=== Data to use ===
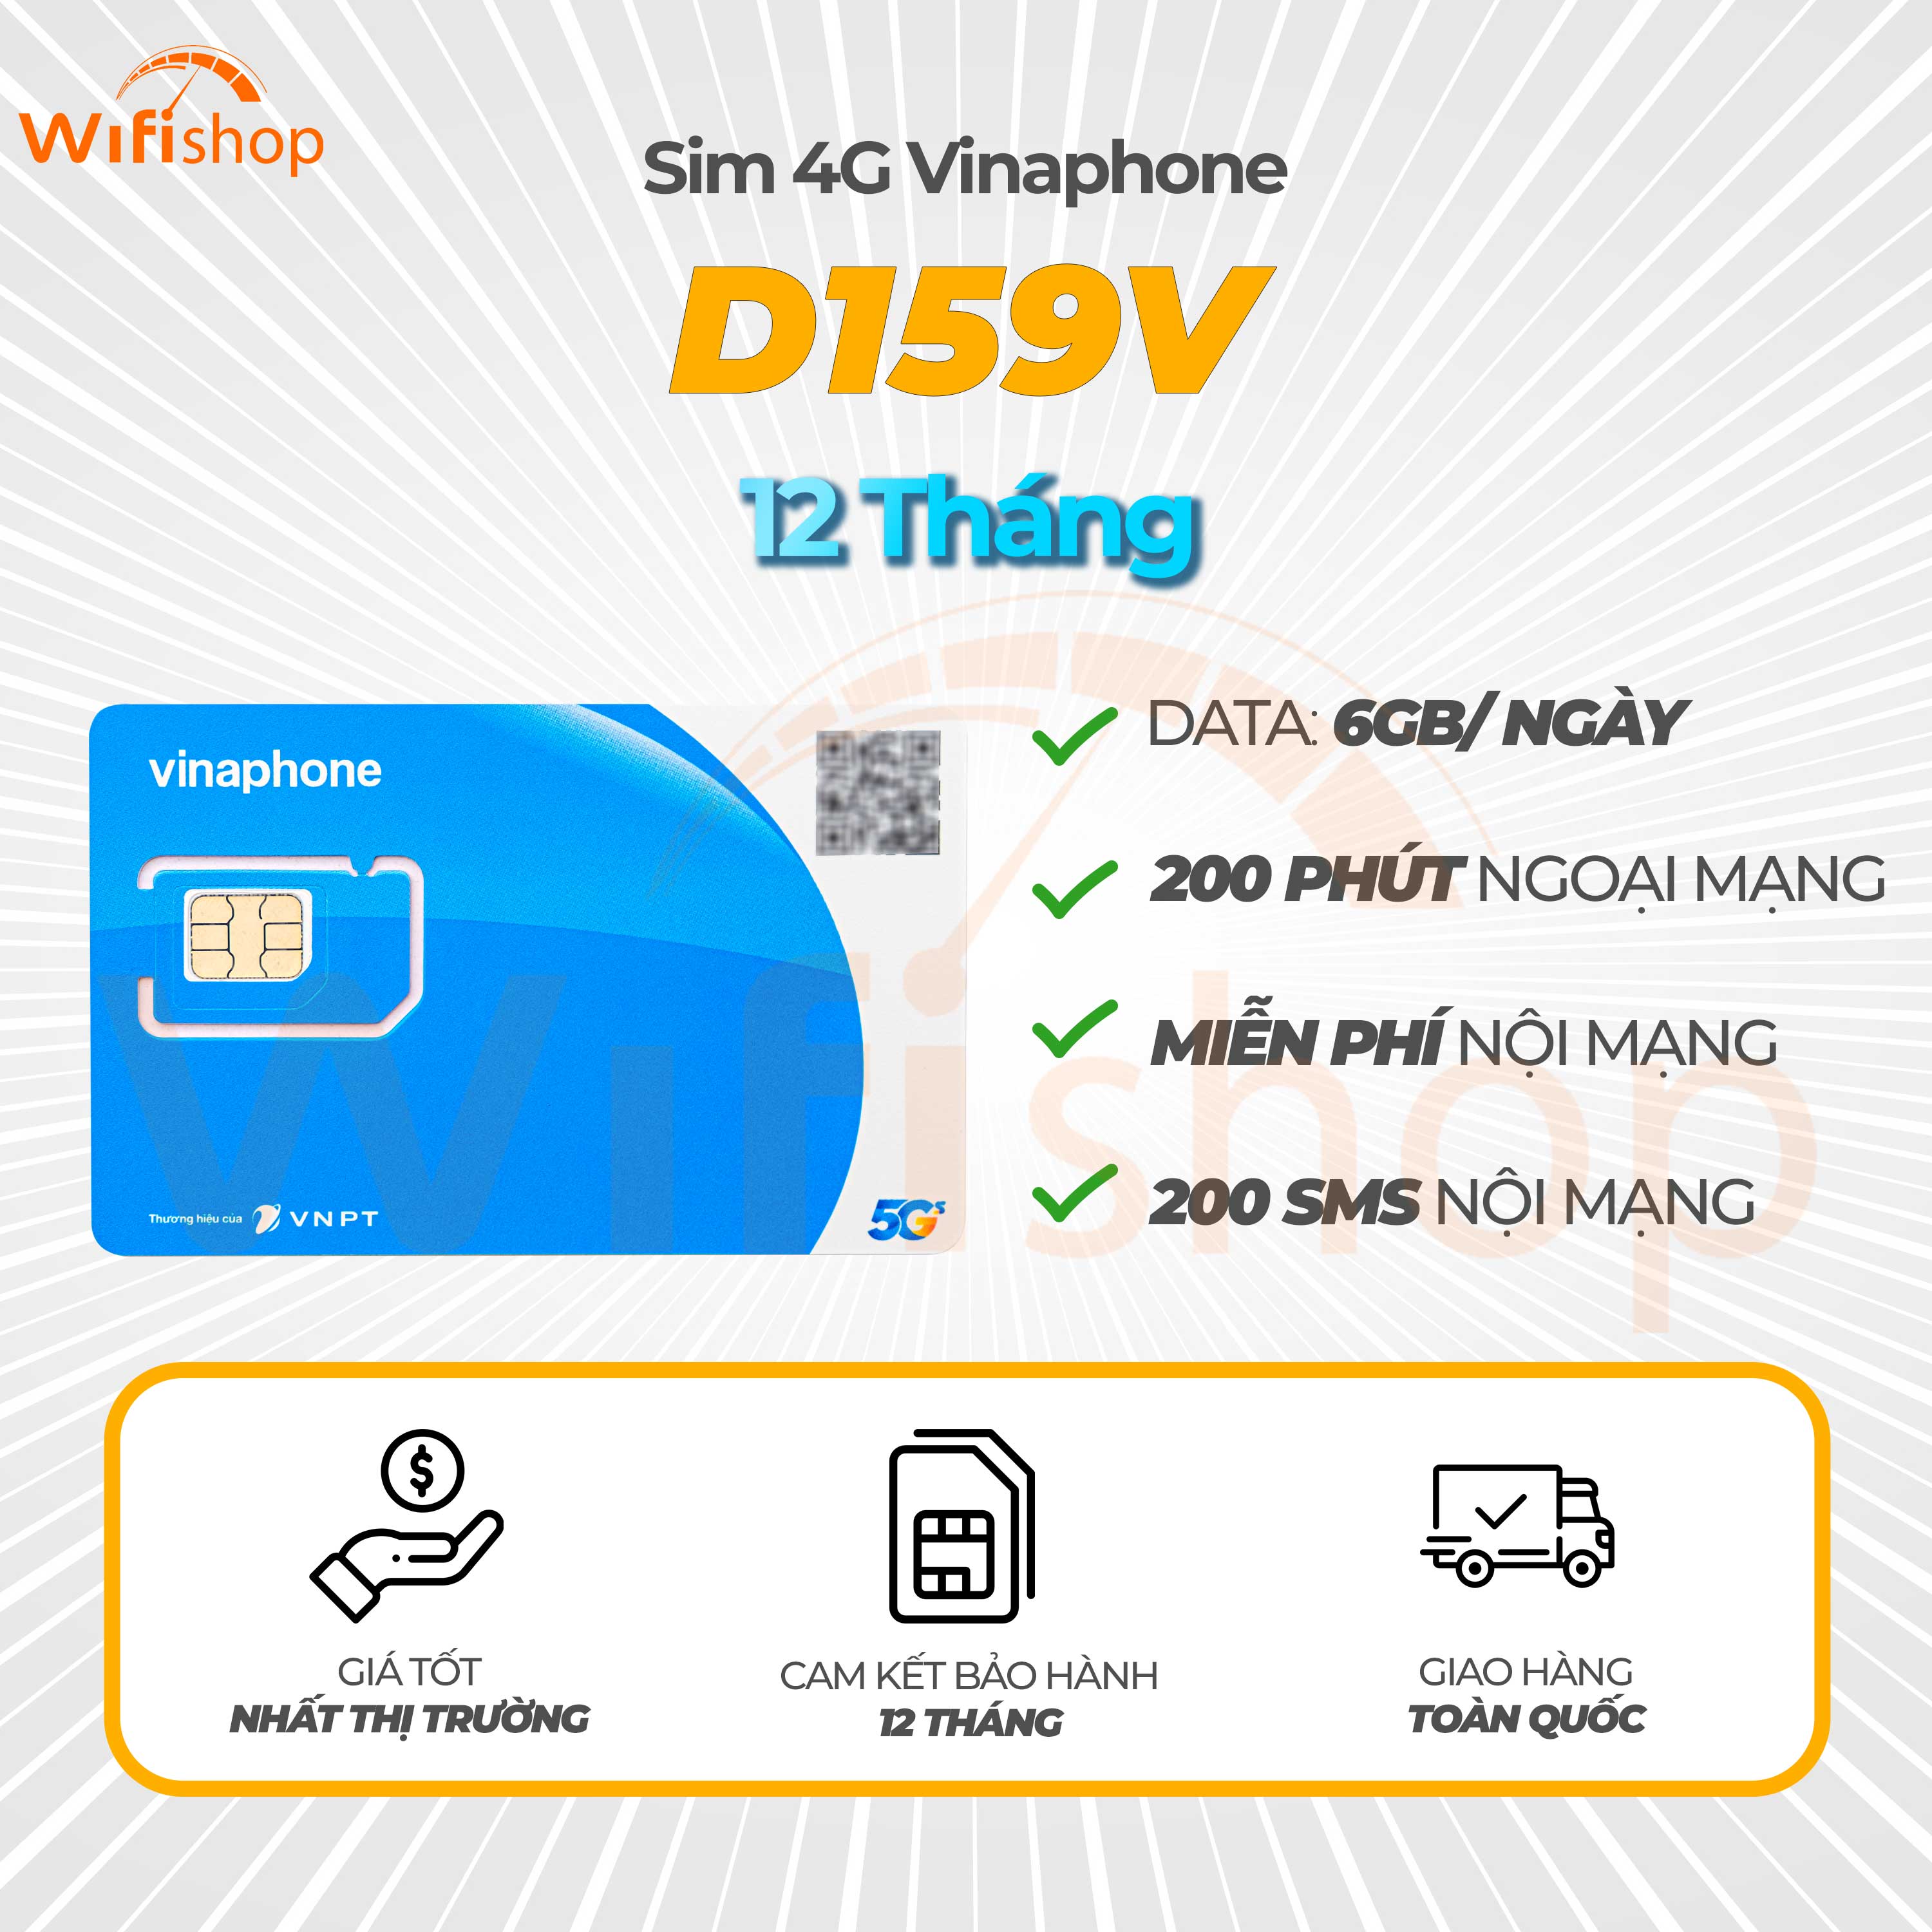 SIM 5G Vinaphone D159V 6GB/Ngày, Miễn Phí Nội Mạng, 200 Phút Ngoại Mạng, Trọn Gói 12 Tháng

--

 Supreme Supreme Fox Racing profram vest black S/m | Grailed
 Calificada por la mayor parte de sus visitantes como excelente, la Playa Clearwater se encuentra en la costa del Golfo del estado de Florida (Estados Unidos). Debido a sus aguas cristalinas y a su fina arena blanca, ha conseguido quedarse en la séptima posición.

=== Your instructions ===
Copy out only the lines above from the one with "Supreme Supreme Fox" to the one with "Calificada por la", inclusive, exactly as they stand.

=== Exercise solution ===
 Supreme Supreme Fox Racing profram vest black S/m | Grailed
 Calificada por la mayor parte de sus visitantes como excelente, la Playa Clearwater se encuentra en la costa del Golfo del estado de Florida (Estados Unidos). Debido a sus aguas cristalinas y a su fina arena blanca, ha conseguido quedarse en la séptima posición.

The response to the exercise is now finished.